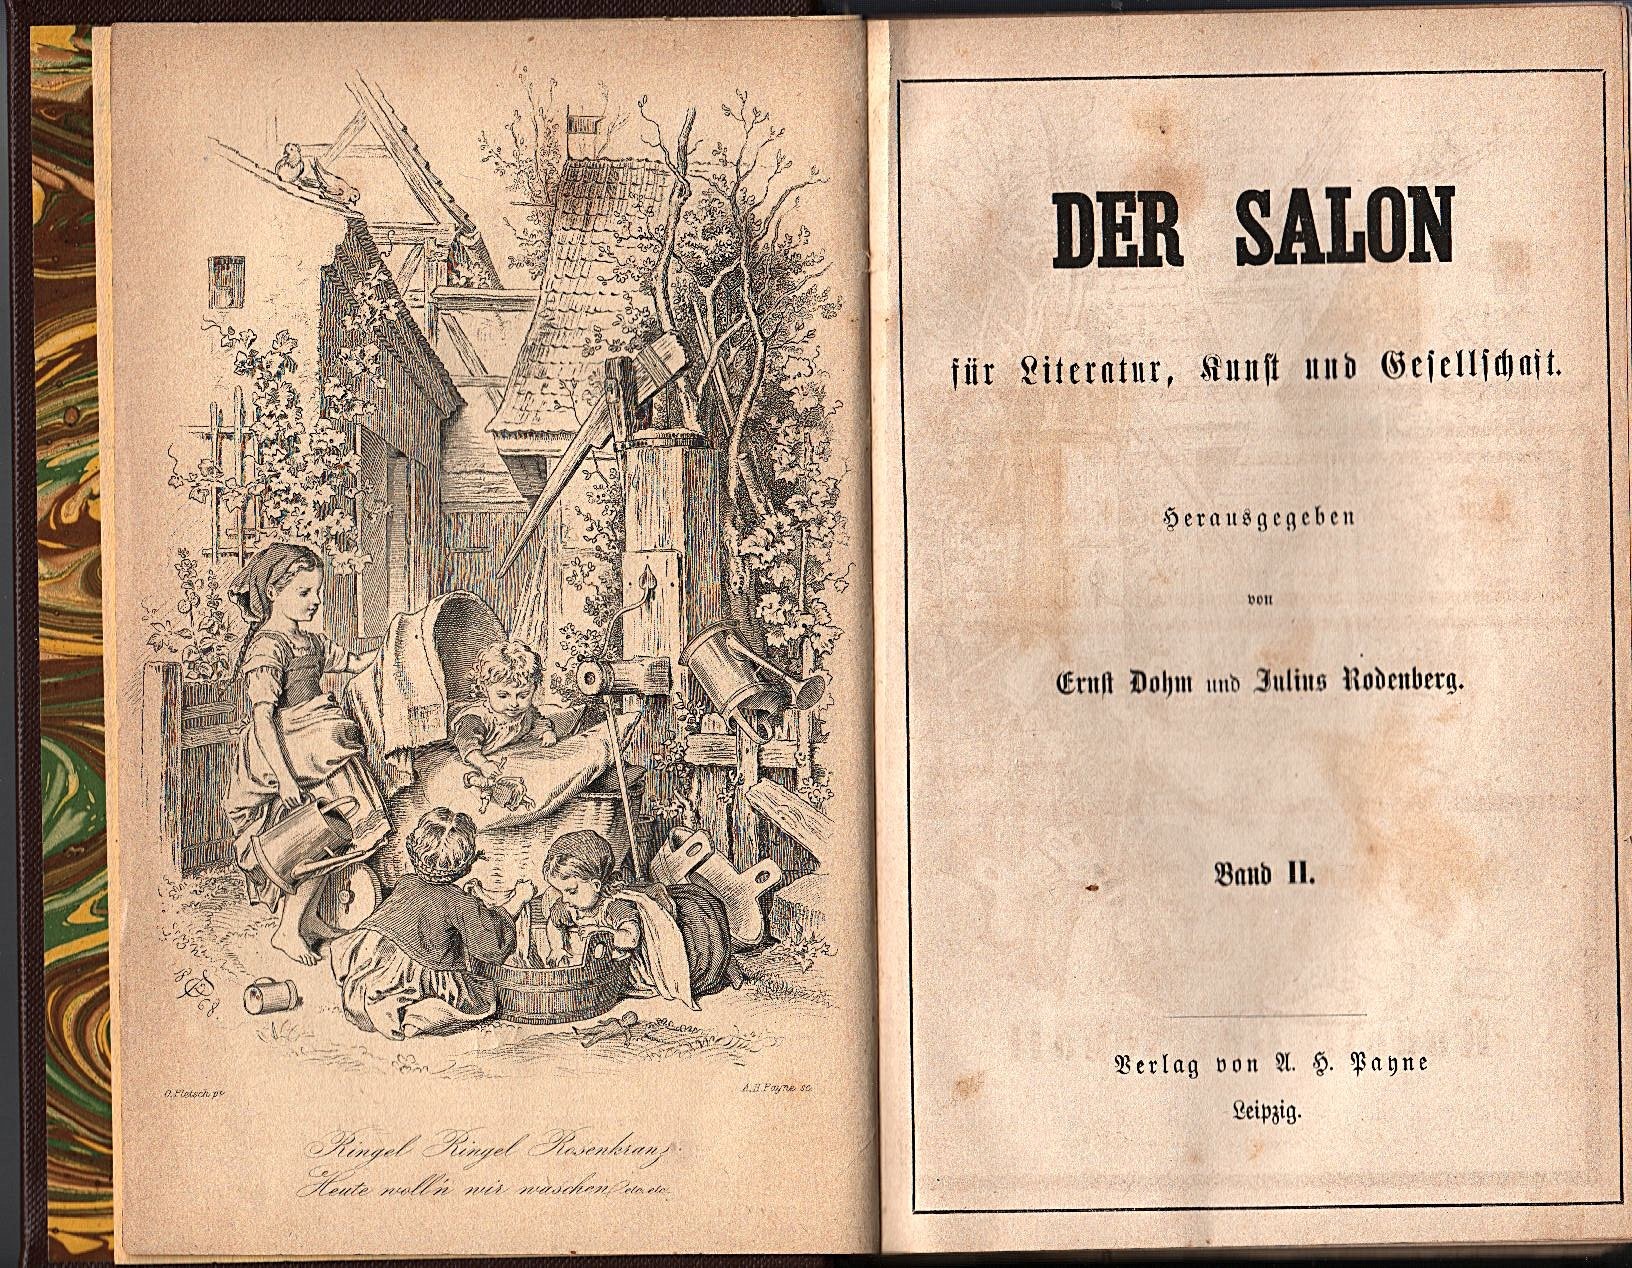 Der Salon (Museumslandschaft Amt Rodenberg e.V. CC BY-NC-SA)
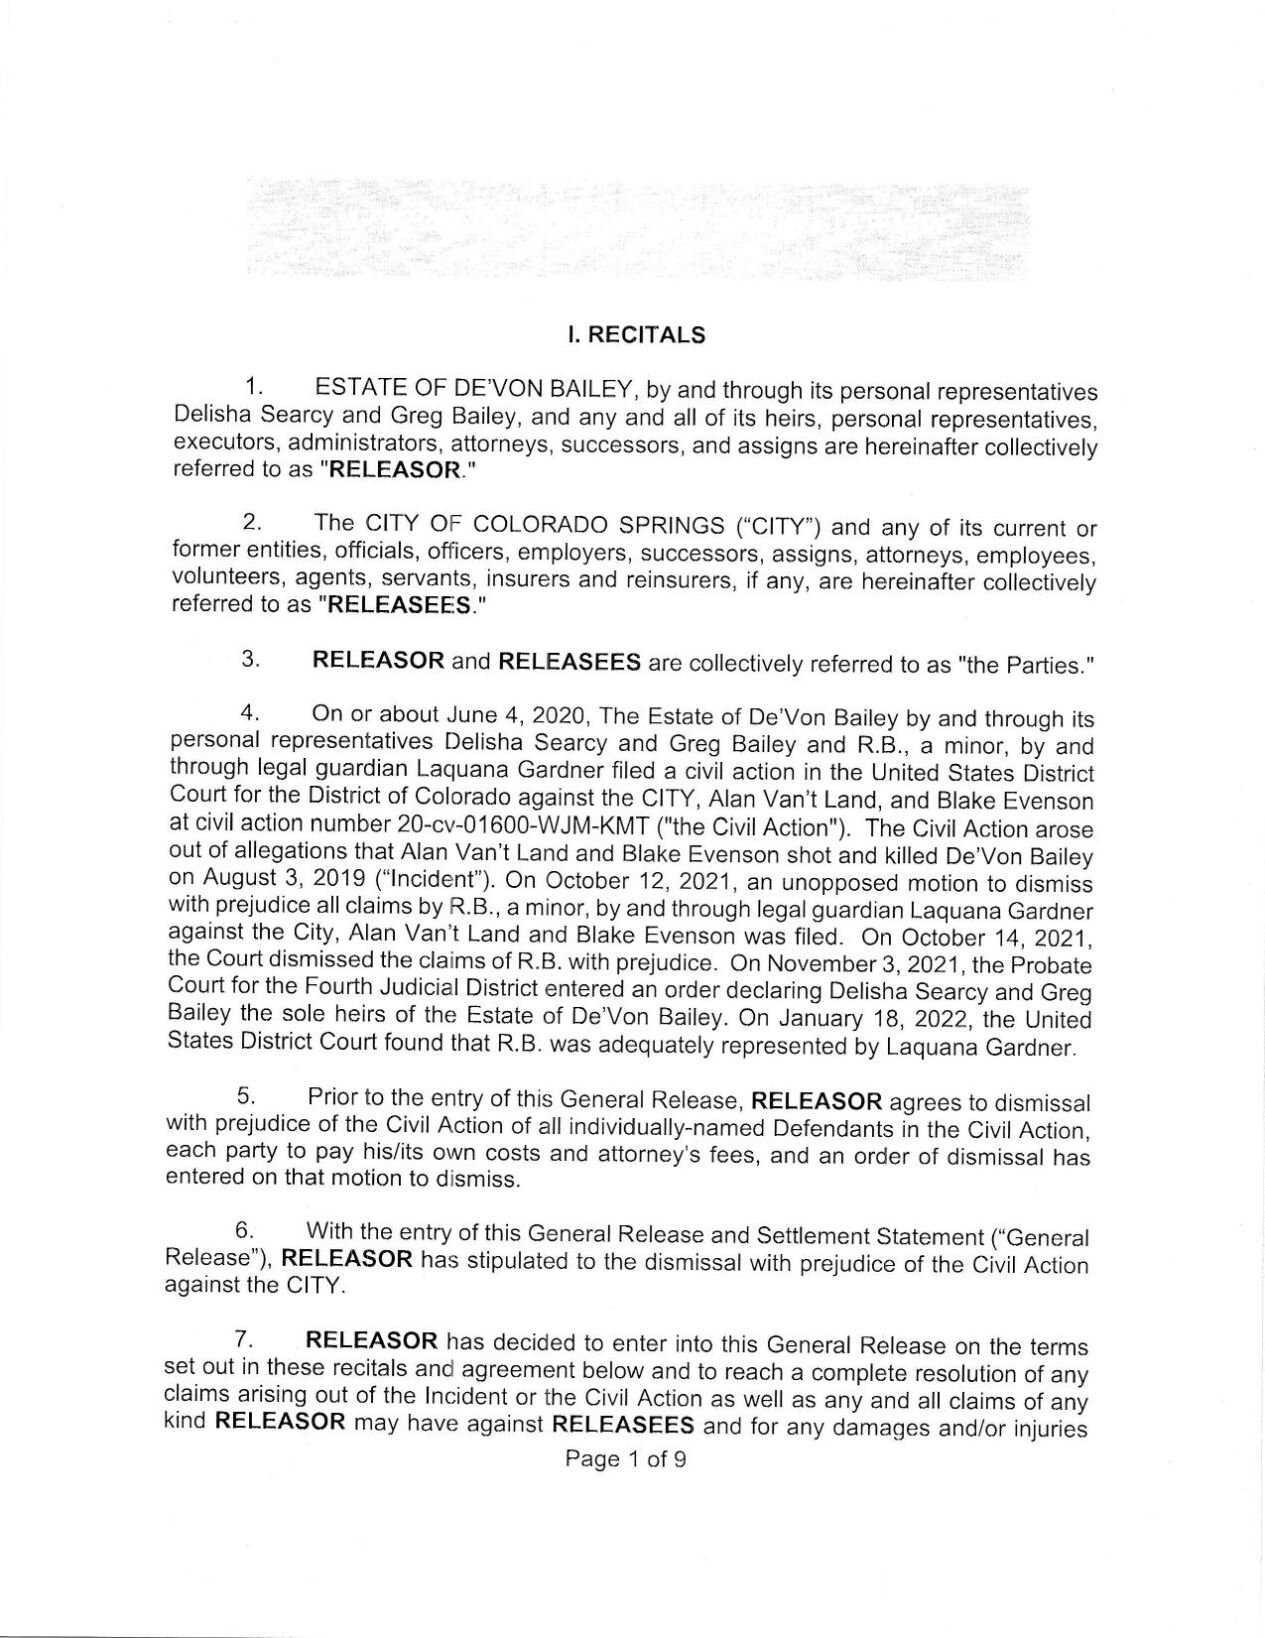 Settlement Agreement - FINAL - Signed by All Pltfs (1).pdf
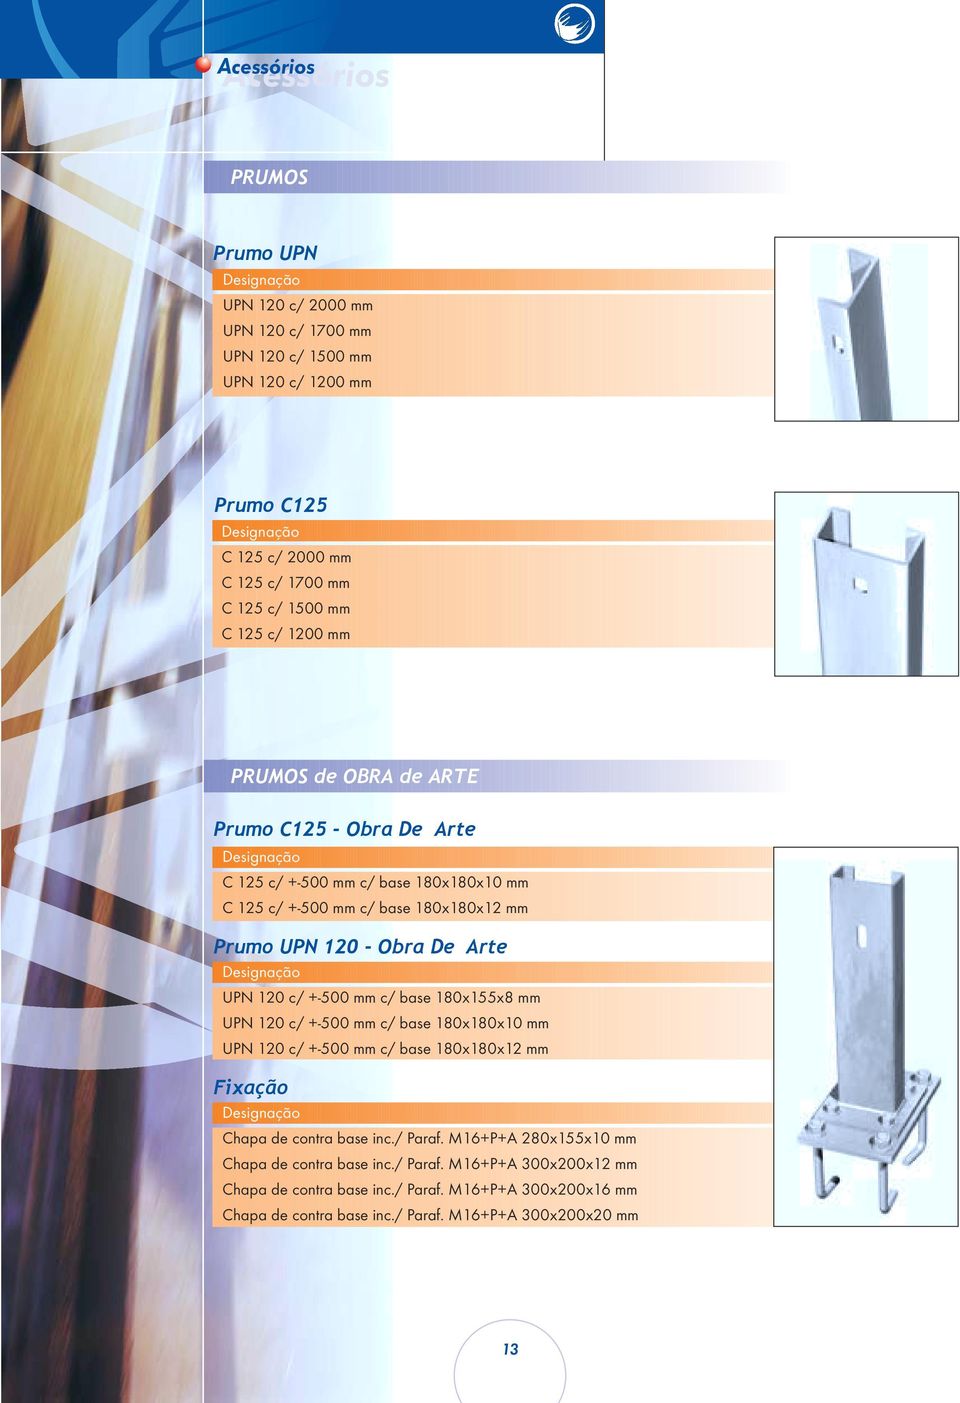 Designação UPN 120 c/ +-500 mm c/ base 180x155x8 mm UPN 120 c/ +-500 mm c/ base 180x180x10 mm UPN 120 c/ +-500 mm c/ base 180x180x12 mm Fixação Designação Chapa de contra base inc./ Paraf.

-----

• _Description of the task_: Drop every image, please, and write out the data above exactly as shown.

• _Answer_:
 Der Salon (Museumslandschaft Amt Rodenberg e.V. CC BY-NC-SA)
 Settlement Agreement - FINAL - Signed by All Pltfs (1).pdf
 Designação UPN 120 c/ +-500 mm c/ base 180x155x8 mm UPN 120 c/ +-500 mm c/ base 180x180x10 mm UPN 120 c/ +-500 mm c/ base 180x180x12 mm Fixação Designação Chapa de contra base inc./ Paraf.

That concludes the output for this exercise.